周秀清的事,很快便被大家淡忘了,王霭如的拍档,也换上另一个人,毕竟在医院里,死亡是平常事。
“我昨天在酒吧里碰到余一心,他喝得酩酊大醉,心情很坏。”施崇平告诉王霭如。
“活该!”王霭如说。
“他是蛮可怜的。”
“难道你同情他?”
“他没有想过周秀清会自杀。”
“但他移情别恋。”
“移情别恋何止他一人?周秀清是为他而死的吗?”
“我也不知道。”
“也许她只是无法忍受他离开她,她想用死亡把他永远留在身边。”施崇平说。
“周秀清已经死了,请你不要批评她。”王霭如不满。
“我怀疑医生到底有没有感情。”施崇平说。
“为什么没有?”王霭如反问他。
“算了。”施崇平不想跟王霭如争辩,“我们开开心心的吃一餐饭吧。你喜欢吃什么?”
“医生也是有感情的,而且感情比普通人脆弱,我们比普通人更接近生和死,更明白生死无常。”
“是吗?”施崇平淡淡的说。
这时王霭如的传呼机响起来。
“急症室突然来了一批车祸伤者,我要立即赶回去。”王霭如告诉施崇平。
施崇平不作声。
“别这样,我晚一点打电话给你。”王霭如站起来。
“今天本来有一件事情要告诉你。”施崇平说,“我已经办好手续,下个月到英国念书。”
“你为什么不早告诉我?”
“你有时间听我说吗?”
“要去多久?”
“两年。”
“你已经决定了?”
施崇平点头。
“那我可以说些什么呢?”王霭如无奈地站着。
“你的工作真的比一切都重要吗?”施崇平反问她。
“如果我懂法术,我会变出许多时间来陪你,可惜我不懂法术。”王霭如叹一口气。“好象是我不谅解你。”施崇平苦笑。

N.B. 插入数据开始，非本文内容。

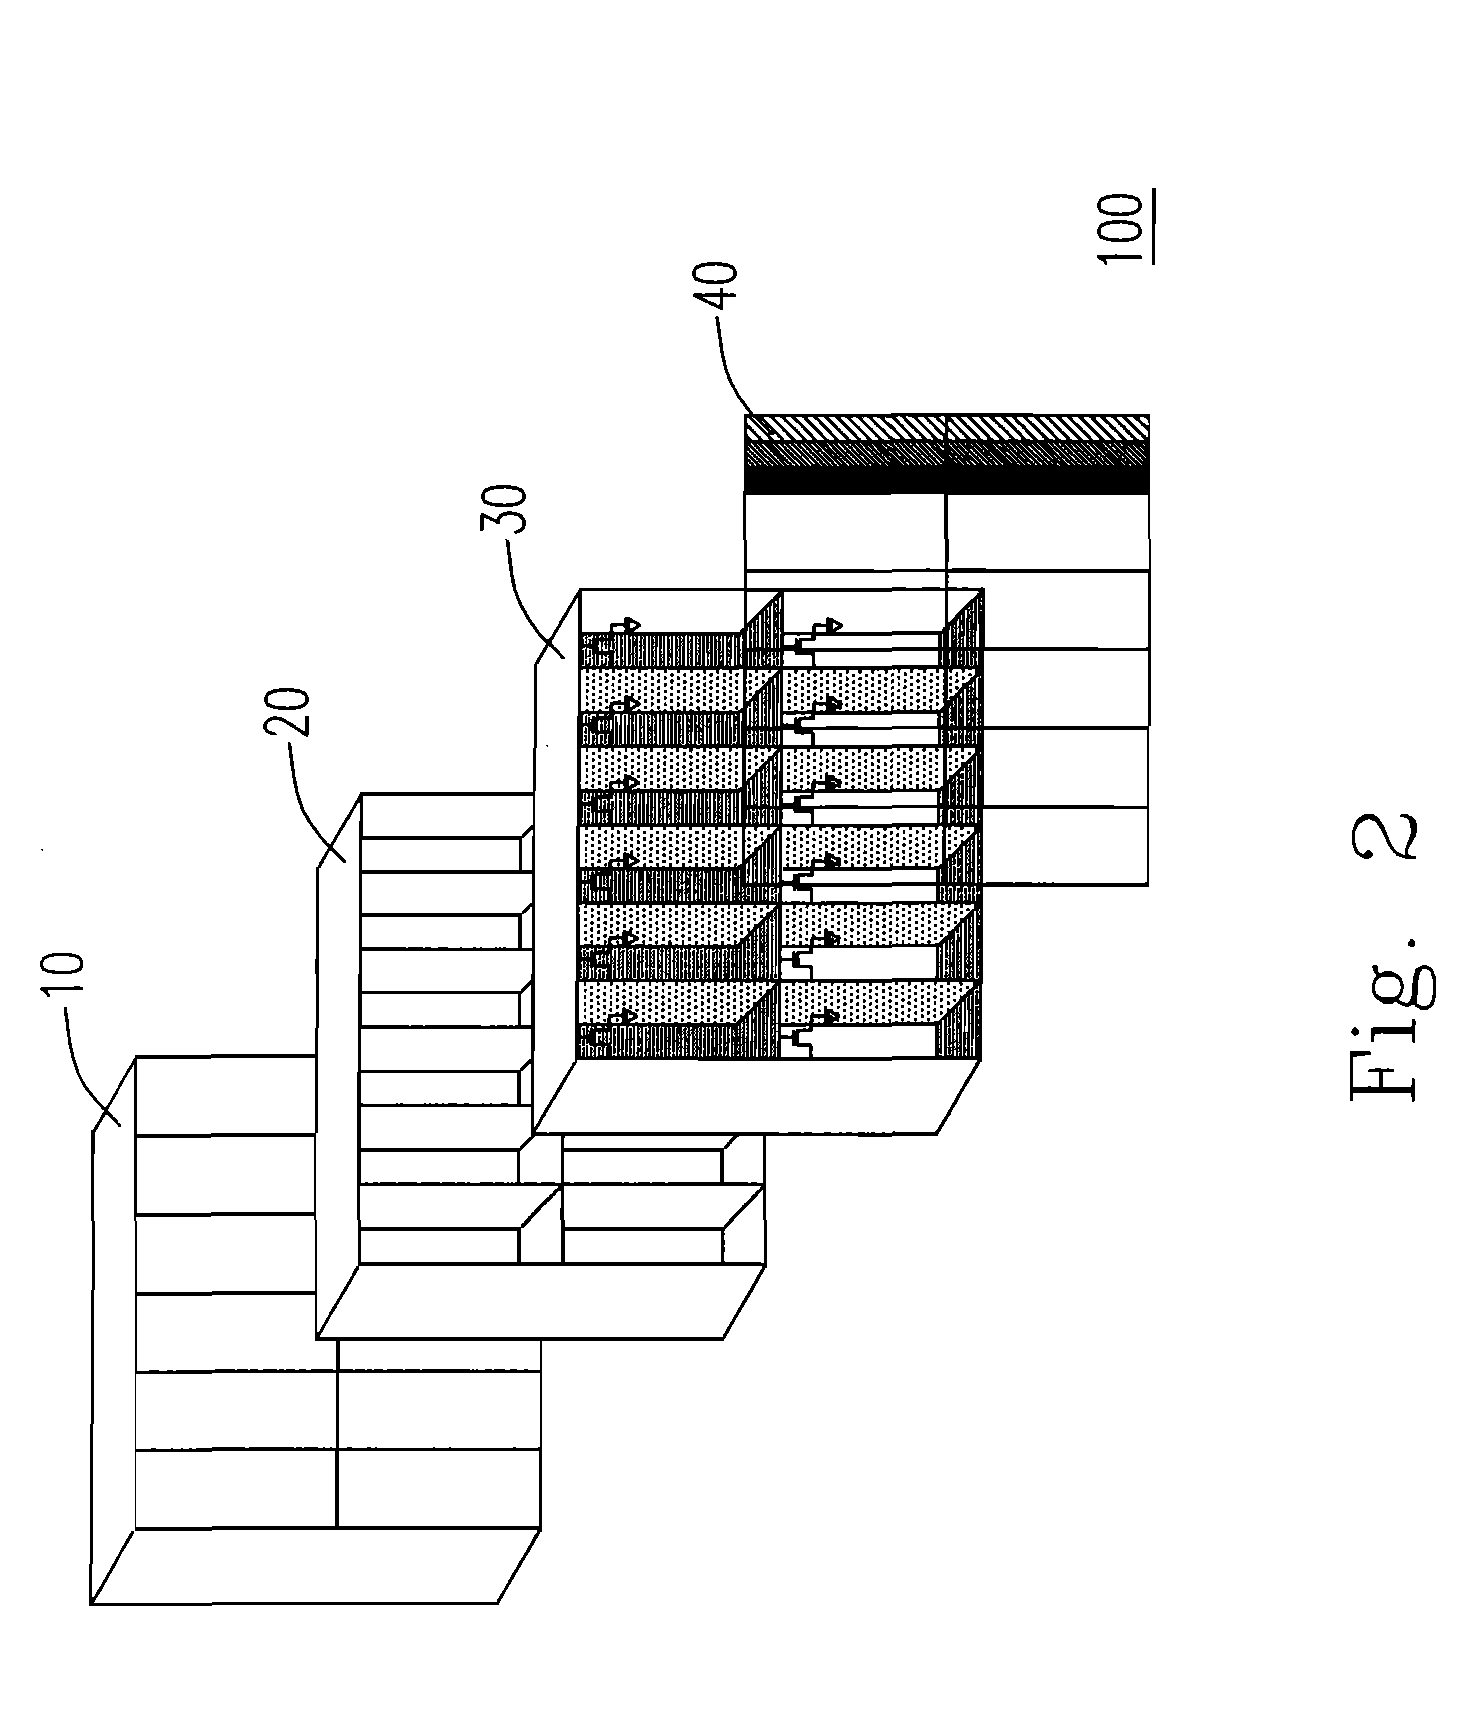 Driving system for matrix type backlight module

“希望你能够找到一个愿意给你时间的女人。”王霭如倔强地说。
王霭如走出餐厅,登上一辆计程车,哇啦哇啦地哭起来。
第三章
施崇平去英国读书前一个晚上打电话给王霭如:“我走了,跟你说声再见。”
王霭如抑压着感情,冷冷的说:“祝你学有所成。”
“你写下我的电话和地址,有什么事可以找我。”
“好吧。”
“我想你也不大需要我。”施崇平唏嘘道。
“也许是吧。”王霭如倔强的说。
六个月后,王霭如被调到南朝山医院实习,相比起以前,这里的工作十分“轻松”,因为病人都是时日无多的绝症病患者,王霭如不用担心救不活他们。她的工作只是开处方最厉害的止痛药和签发死亡证明。

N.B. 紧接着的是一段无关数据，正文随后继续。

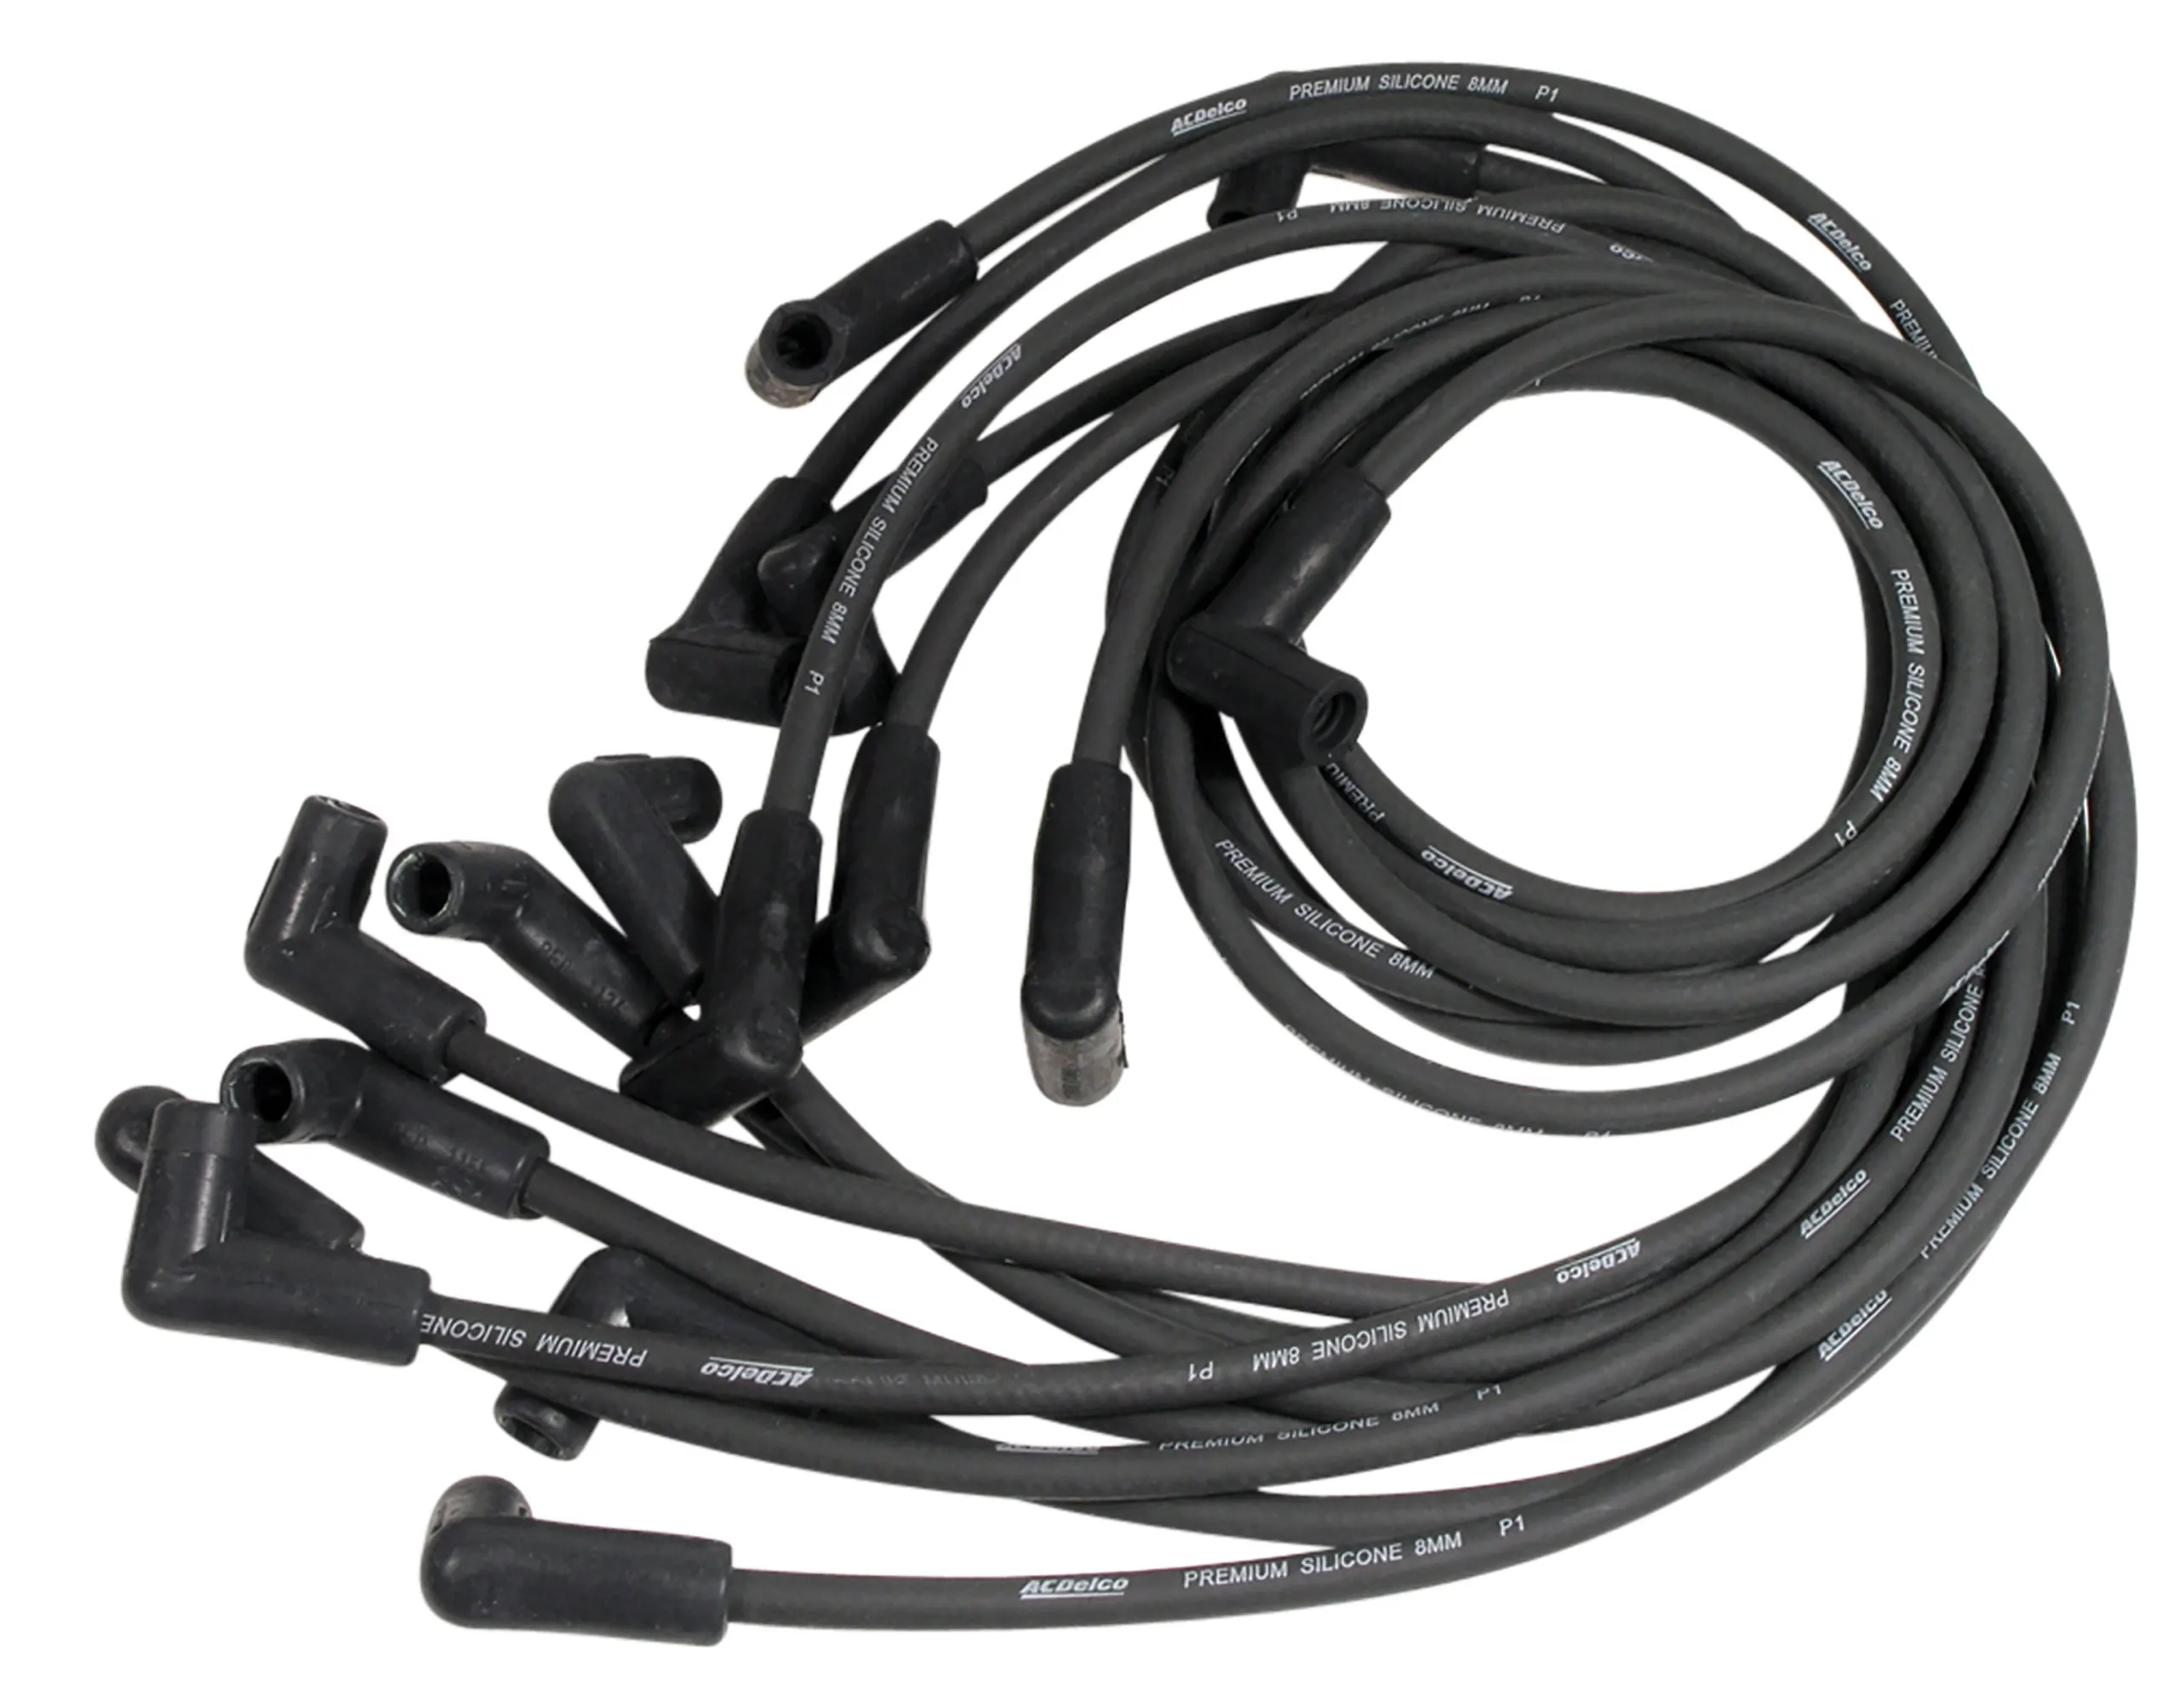 C3 1975-1982 Chevrolet Corvette Spark Plug Wires. High Energy Ignition Delco Replacement - Lectric Limited, Inc.

医院里有一个病人名叫徐乐民,才三十四岁,患上末期骨癌,每天要注射两次止痛药,王霭如相信他只有一至三个月的寿命。
徐乐民瘦得只剩下八十磅,对身高五尺八寸的他来说,是太瘦了,他的脸色苍白,但看得出健康的时候,是一个长得相当迷人的男人。
王霭如特别留意他,是因为他床边时常放着一个沙漏。那个沙漏有一个巴掌那么大,框框是用玫瑰木造的,很漂亮。时日无多的人,通常回避现实,不肯看着时间过去,但这个徐乐民却每天安祥地看着沙漏,看着自己的生命一天一天油尽灯枯。

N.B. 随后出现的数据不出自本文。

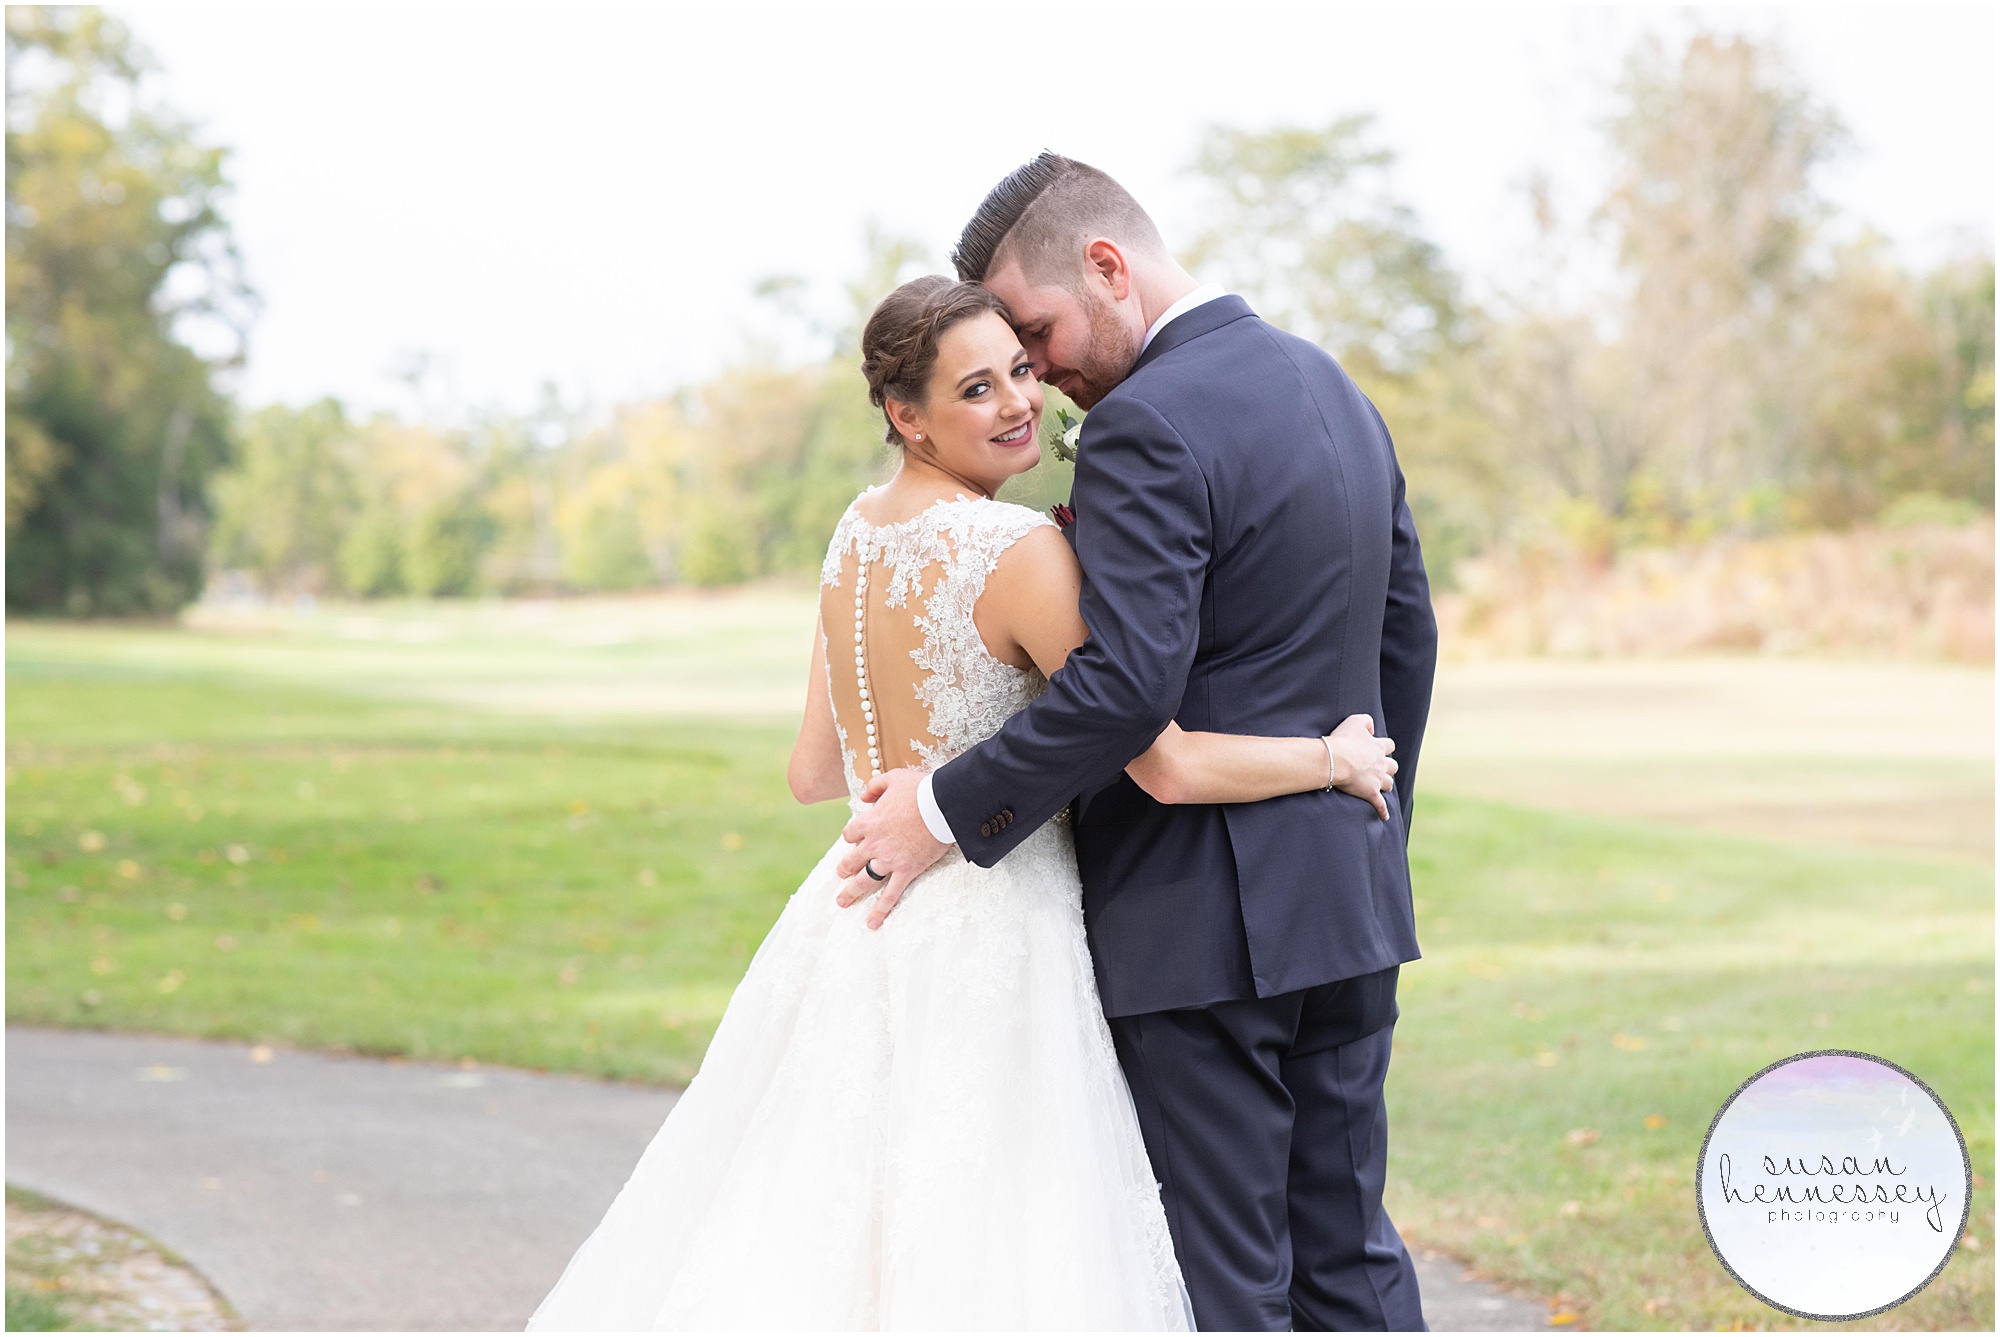 Outdoor fall wedding at Old York Country Club

“这个沙漏是一个很特别的朋友送给你的吗?”王霭如问他。
“是我自己造的。”徐乐民说,“我是礼品设计师,负责设计手表、信封信纸、毛公仔、沙漏、音乐盒玩具等等。我的设计在香港和外国也有得卖。”
“我喜欢音乐盒。”王霭如说。
“有时间的话,我造一个送给你。”徐乐民说。
王霭如听了觉得很唏嘘,这个垂死的人竟然说:“有时间的话。”
“谢谢你。”王霭如说。
“你喜欢一个怎么样的音乐盒?”徐乐民问她。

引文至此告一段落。